One issue Lehman seeks to investigate is how much Barclays paid to former Lehman employees who went to work at the British bank. It had originally promised to pay $2 billion in bonuses. Lehman lawyer Robert Gaffey of Jones Day said there is a possibility Barclays only paid $700 million of that.
Lehman's CEO, Bryan Marsal, has asked how much was paid and has not received an answer, Gaffey said.
Lehman lawyers also want to investigate whether Barclays gained $5 billion through an undisclosed "discount" in a $50 billion repurchase agreement tied to the sale. And it also plans to look into $1.5 billion Barclays was to pay to get out of certain contracts.

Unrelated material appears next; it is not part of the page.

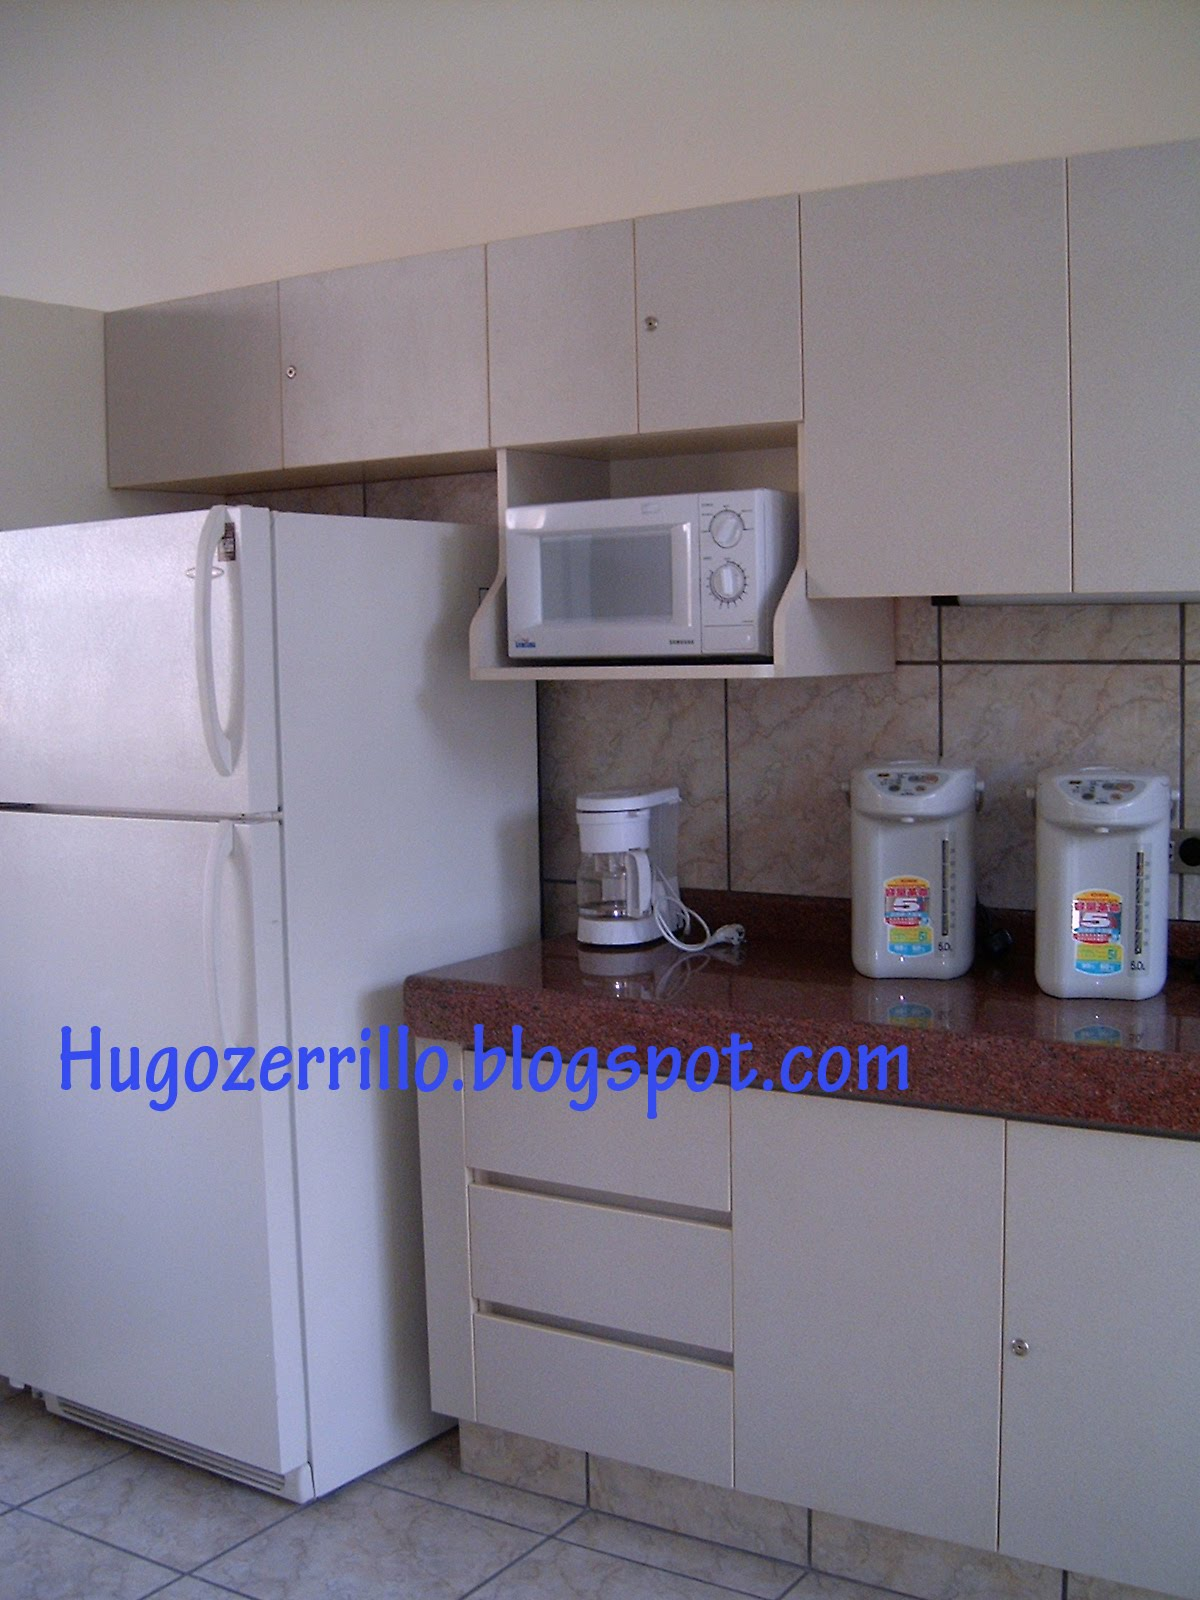 Cocinas empotradas en concreto peque as imagui for Modelos de cocinas empotradas en cemento y porcelanato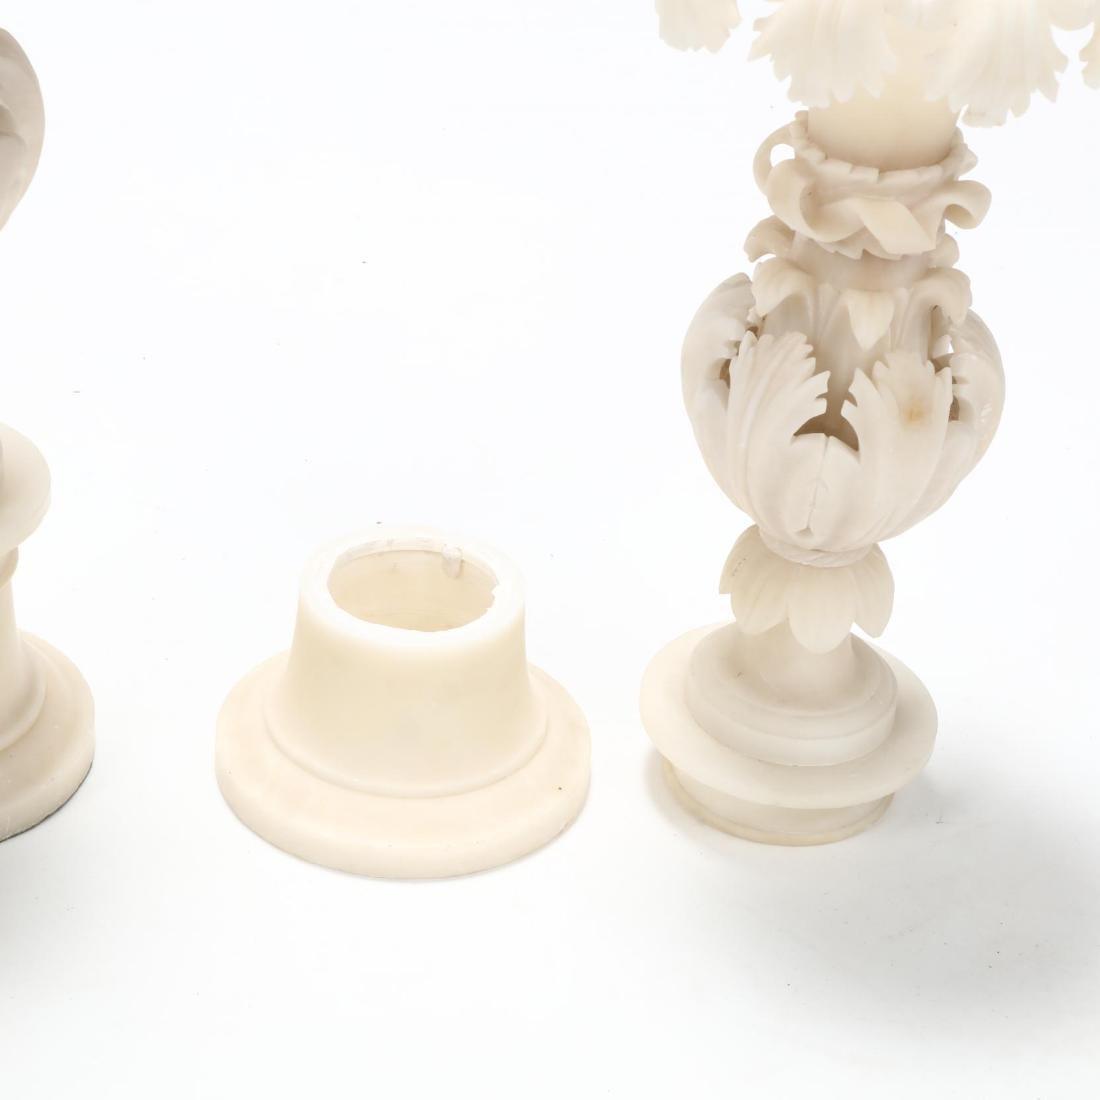 Pair of Carved Alabaster Garnitures - 2

Peck sided with Lehman, saying that it deserved to know just what liabilities Barclays had absorbed. Peck said the sale agreement had been rushed, as an unprecedented financial crisis unfolded, and that it was possible mistakes had been made.
"What if they made a huge mistake because of the pressure of time?" Peck asked.
Barclays lawyer Hamish Hume had argued the investigation was redundant, since an independent examiner has already been appointed by the court.
"It's exceptionally broad and it's very intrusive," Hume said. Barclays spokesman Peter Truell said it does not expect the investigation to result in any additional claims and that it will continue to cooperate with Lehman.
Anton Valukas, a former federal prosecutor and specialist in white collar crime, is conducting an investigation to determine, in part, whether Lehman executives lied, committed fraud or mismanaged the company. He will also look into the Barclays deal.
Investigators from Lehman plan to coordinate with Valukas's team as well as representatives of the creditors committee and Securities Investor Protection Corp.
Valukas's report, originally expected to be complete in November, is likely to take longer than that, a lawyer who represents the examiner said.